The consulting firm says the problem is that customers are unwilling to go online. Datamonitor’s results back this up. The online channel does still pose huge opportunities for retail banks, but they must use it wisely. Providing branch facilities – or at least, a telephone service – is essential for success in the retail eBanking space.
A CGEY report says eCommerce is not displacing old-fashioned financial services practices.
Cap Gemini Ernst and Young’s report, which includes a survey of 120 banks, insurers and asset managers, states eCommerce has failed to reduce costs in line with forecasts by UK financial service organizations, mainly because customers have failed to embrace the online experience.
This confirms Datamonitor’s findings that face-to-face dealings are what the majority of consumers really want when dealing with the finances. Datamonitor has found that 63% of UK consumers say a personal visit is their preferred method for dealing with banking products.

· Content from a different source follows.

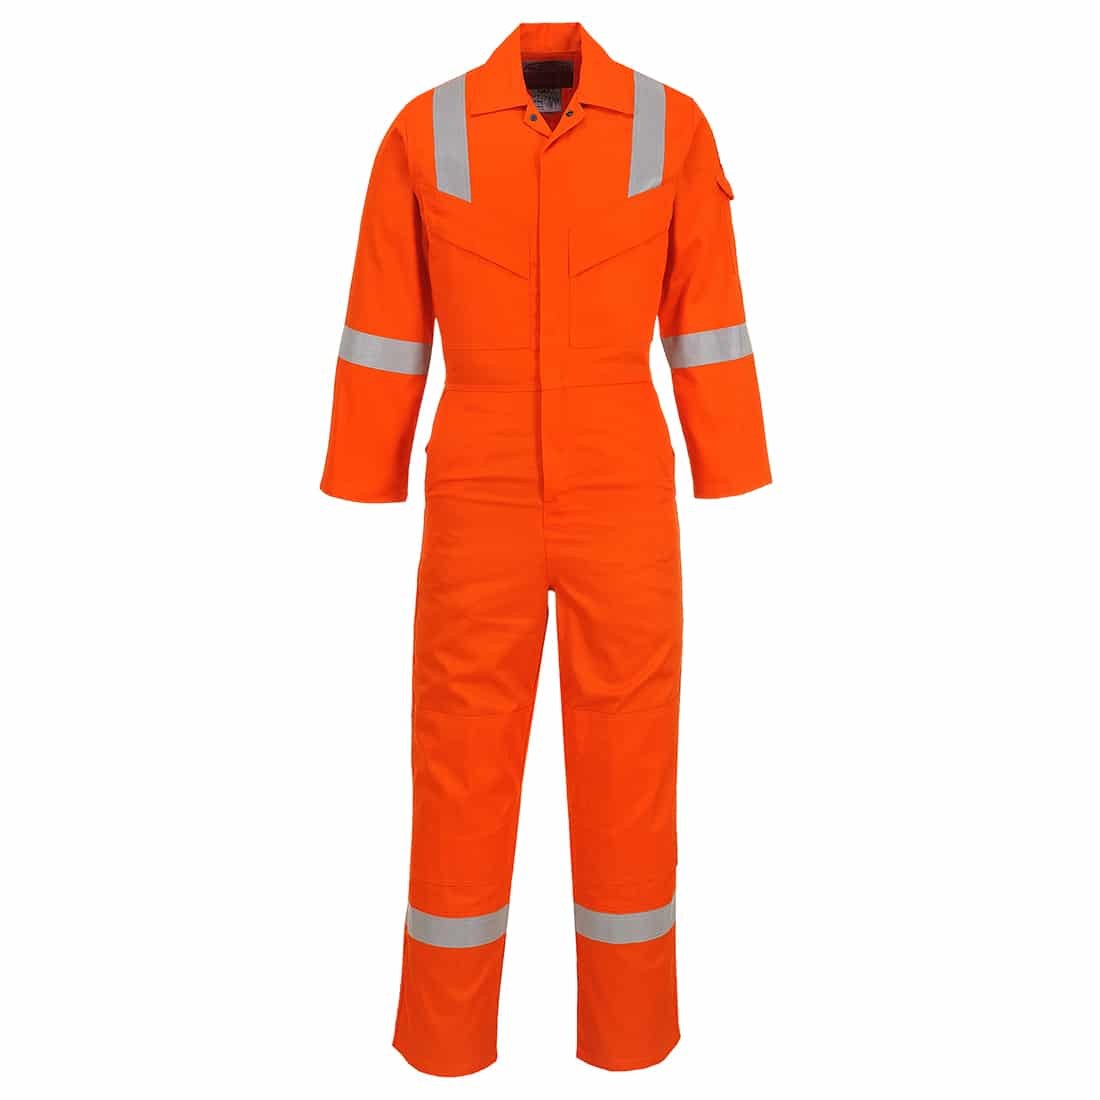 Portwest FR Antistatic Super Light Weight Coverall
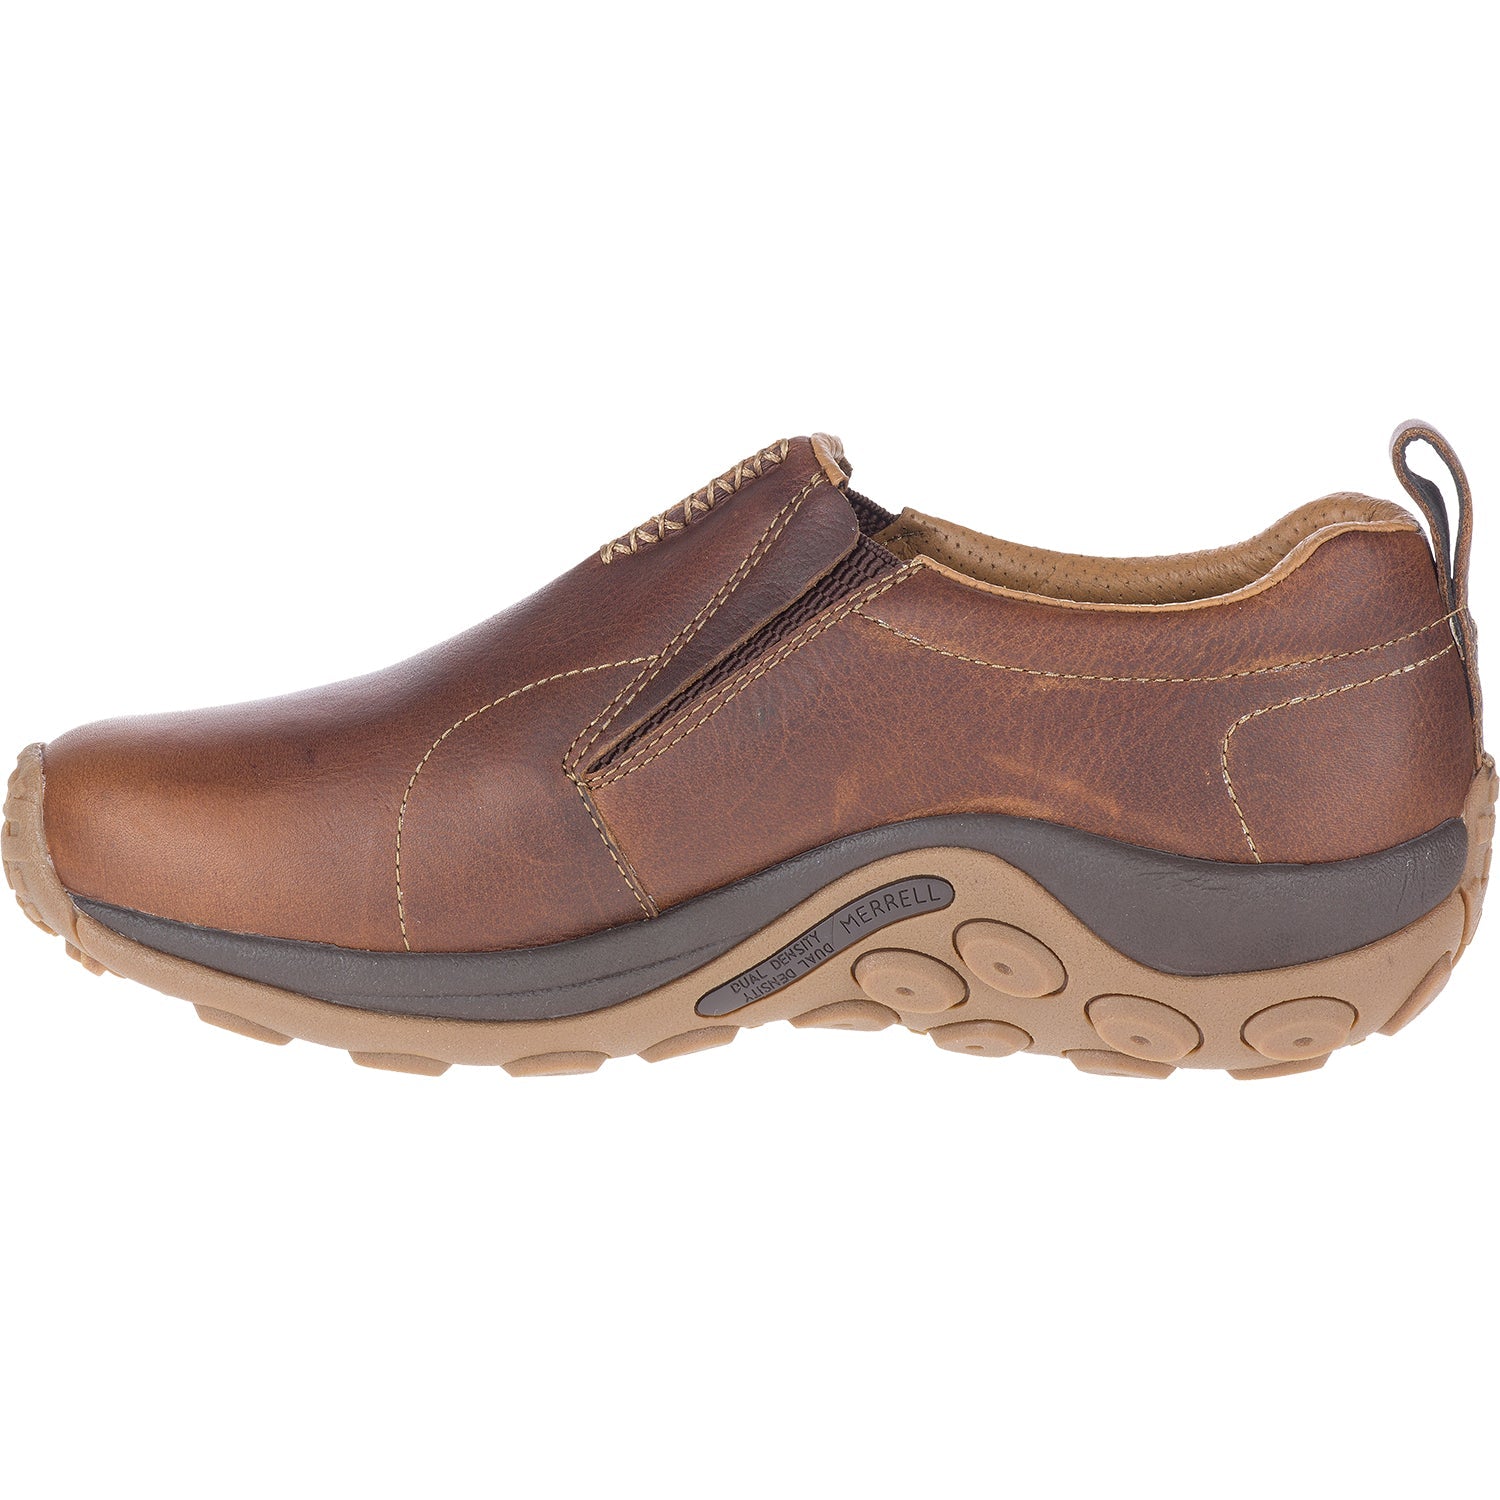 Merrell Jungle Moc Crafted | Men's Slip-On Shoes | Footwear etc.

Banks already seem to have realized the perils of a heavily online-focused strategy. Royal Bank of Scotland is recruiting 600 new staff after the majority of its customers rejected its voice response service, and Abbey National has launched a program of branch redevelopment introducing coffee shops into its branches. It still makes 80% of its sales over the counter.
Even standalone Internet banks realize that delivering products and services via the Internet alone is insufficient. Intelligent Finance, the standalone Internet bank part of the HBoS group, remains committed to providing a telephone banking service. Smile too offers back-up telephone facilities particularly for new customers.
If any further proof was needed, the collapse of First-e provides it. First-e had hoped to take the lead in pan-European Internet based services. However, it paid the price for having a heavily Internet focused strategy. Its telephone helpline could only be used for queries and not to access products and services.
All is not lost for Internet banks – as long as they’re prepared to compromise and follow a multi-channel strategy. Smile has doubled the number of its account holders in a year to 400,000. Intelligent Finance has seen its volumes double since its Internet service went live in November 2000, and Egg now has over 1.8 million customers including 625,400 deposit customers and more than 1.2 million credit card customers.
Overall, Datamonitor estimates that 13.4 million consumers will be banking online in the UK by 2005.